Please don't let the term 'liar', stick in your head. Deceit is the word to go there. Sometimes there are 'white lies', where they have little consequence and are said in the knowlege that they, themselves, will reveal the truth later. So if a guy lies to you about where he was or what he was doing, let it run for a while. He may be organising something special for you such as a birthday party or special occasion. To allow this guys deceit to overshadow a new friends 'white lies', may damage that new relationship. (You may not know the new guy's lies are white lies. You could reasonably think he's having an affair, especially if your bi guys lies are left within you to fester). So store that word 'deceit' rather than 'liar', to try to silence excessive alarm bells and to let baggage go. Such baggage has an amazing habit of dropping a bomb on a future relationship perhaps years after you embarked on it. I hope you find a new guy who will respect you, be open with you and with whom you may have one or more lovely children. May I ask: 1. What age group you're in, 2. Which country are you from? 3. Whether you'll hang around here on Hip, having received some suggestions on the thread Re. 1 Don't fret. I'm not imagining I could be your new man lol.

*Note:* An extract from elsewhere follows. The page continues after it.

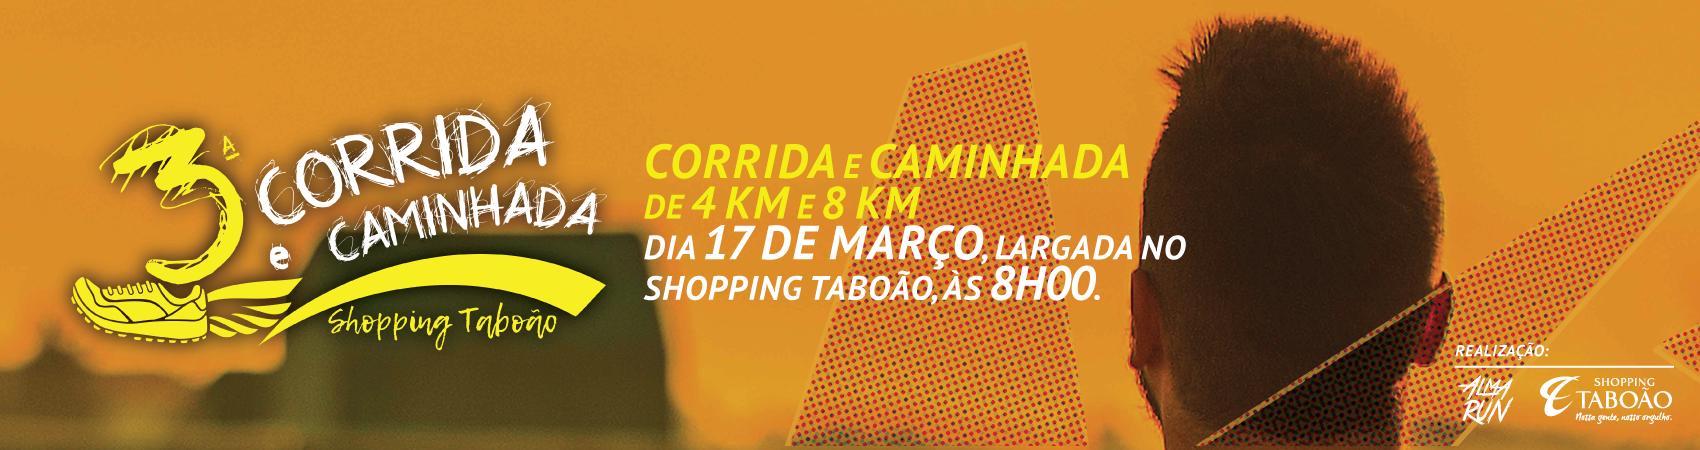 3ª CORRIDA E CAMINHADA SHOPPING TABOÃO

I'm too old for you, at 60. Re. 3. You seem quite switched on, so I expect you could be great to chat with in various threads on a number of subjects. Bazz
Thanks for your prompt response, Bazz. I really enjoy chatting with you guys here. My answers to your questions: What age group are you in? I am over 35. Getting older, and my biological clock is ticking. In particular, I have other health concerns that make my window period shorter than others. Which country are you from? Australia. Will you hang around here on Hip after receiving some suggestions on the thread? I'm not sure if I will hang around after this thread closes. I only discovered this forum when I Googled LGBT communities while desperately seeking suggestions. Thanks to this man, I now have more knowledge about LGBT. After reading the replies from other guys here, I gained some clarification and started trusting my own judgment more. Before I posted online, he was my only source of understanding about LGBT and his behaviors, and I was so confused by his ambiguous explanation.